Load and Store

How Do Variables Get from Memory to the Registers?

Load: Assume that the address of variable a is in register $t0 and we want to load the value in a into $s0
```
    lw $s0, 0($t0)       # load what's in address $t0 into $s0
    
```
What's this 0($t0) stuff?
General idea: load a word (4 bytes) of data that is a certain distance (offset) from a base address
$t0 is the address of the beginning of a segment in memory (the base address)
The constant 0(...) specifies the offset from the beginning of the memory segment (in bytes)

Example: Assume that obj is a variable of type struct with several data members and that $t0 holds the address of the beginning of obj. How do we load obj.a into $s0, obj.b into $s1, and obj.e into $s2?

C		Load data members into registers
struct s_tag { int a; int b; int c; int d; int e; } obj;		lw $s0, 0($t0) # Load obj.a into $s0 lw $s1, 4($t0) # Load obj.b into $s1 lw $s2, 16($t0) # Load obj.e into $s2

Addresses	Memory: Addressable Bytes
1012 (`obj.a`)	00000000	00000000	00000000	00000000	==> `$s0`
1016 (`obj.b`)	00000000	00000001	00000011	00000111	==> `$s1`
1020 (`obj.c`)	--------	--------	--------	--------
1024 (`obj.d`)	--------	--------	--------	--------
1028 (`obj.e`)	00110010	00001010	01100001	01010101	==> `$s2`

Local variables can also be represented as a constant offset from the beginning of the memory segment for local data.

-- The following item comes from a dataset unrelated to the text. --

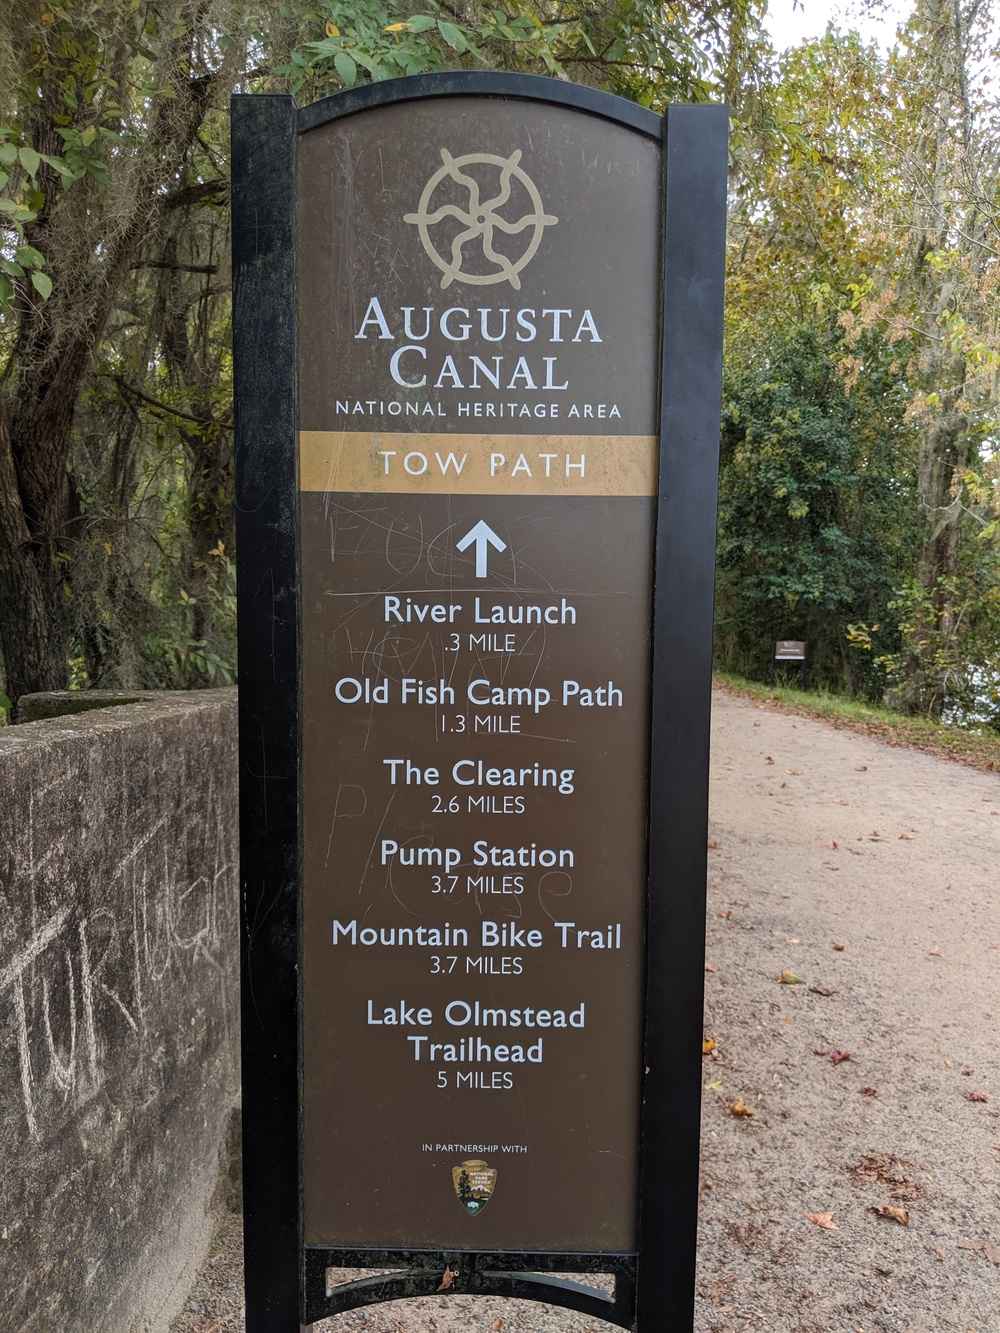 Fall back into hiking and biking

From Registers Back to Memory

Store: How do we compute obj.e += k? (Assume k is in $s4.)

    lw  $t8, 16($t0)    # load obj.e into $t8
    add $t8, $t8, $s4   # obj.e = obj.e + k
    sw  $t8, 16($t0)    # store $t8 back into obj.e

What about loading and storing elements from arrays?

Problem: The lw/sw offset has to be a constant.
So, how do we represent a variable array index, e.g., A[i]?
Can't use a constant offset. So, compute the address of the individual array element, put it in a register, and use 0 as the offset.

Register	Value
`$t0`	?
`$t1`	?
`$s6`	2
`$s7`	2012

Example:

A[i]

$t1

A is array of int (each int is a 4-byte word). The base address of A is in $s7; i is in $s6. The address of A[i] is $s7 + (4 * $s6). (We don't know how to multiply yet, but we can add $s6 to itself 4 times.

    add $t0, $s6, $s6   # $t0 = 2 * i (4)
    add $t0, $t0, $t0   # $t0 = 4 * i (8)
    add $t0, $s7, $t0   # $t0 = $s7 + (4 * i) = 2020 = &A[i]
    lw $t1, 0($t0)      # load what's in A[i] into $t1

Addresses	Memory: Addressable Bytes
2012 (`A[0]`)	--------	--------	--------	--------
2016 (`A[1]`)	--------	--------	--------	--------
2020 (`A[2]`)	00110010	00001010	01100001	01010101	==> `$t1`
2024 (`A[3]`)	--------	--------	--------	--------
2028 (`A[4]`)	--------	--------	--------	--------

Handy Trick ...

What's an efficient way to multiply binary numbers by 2? by 4?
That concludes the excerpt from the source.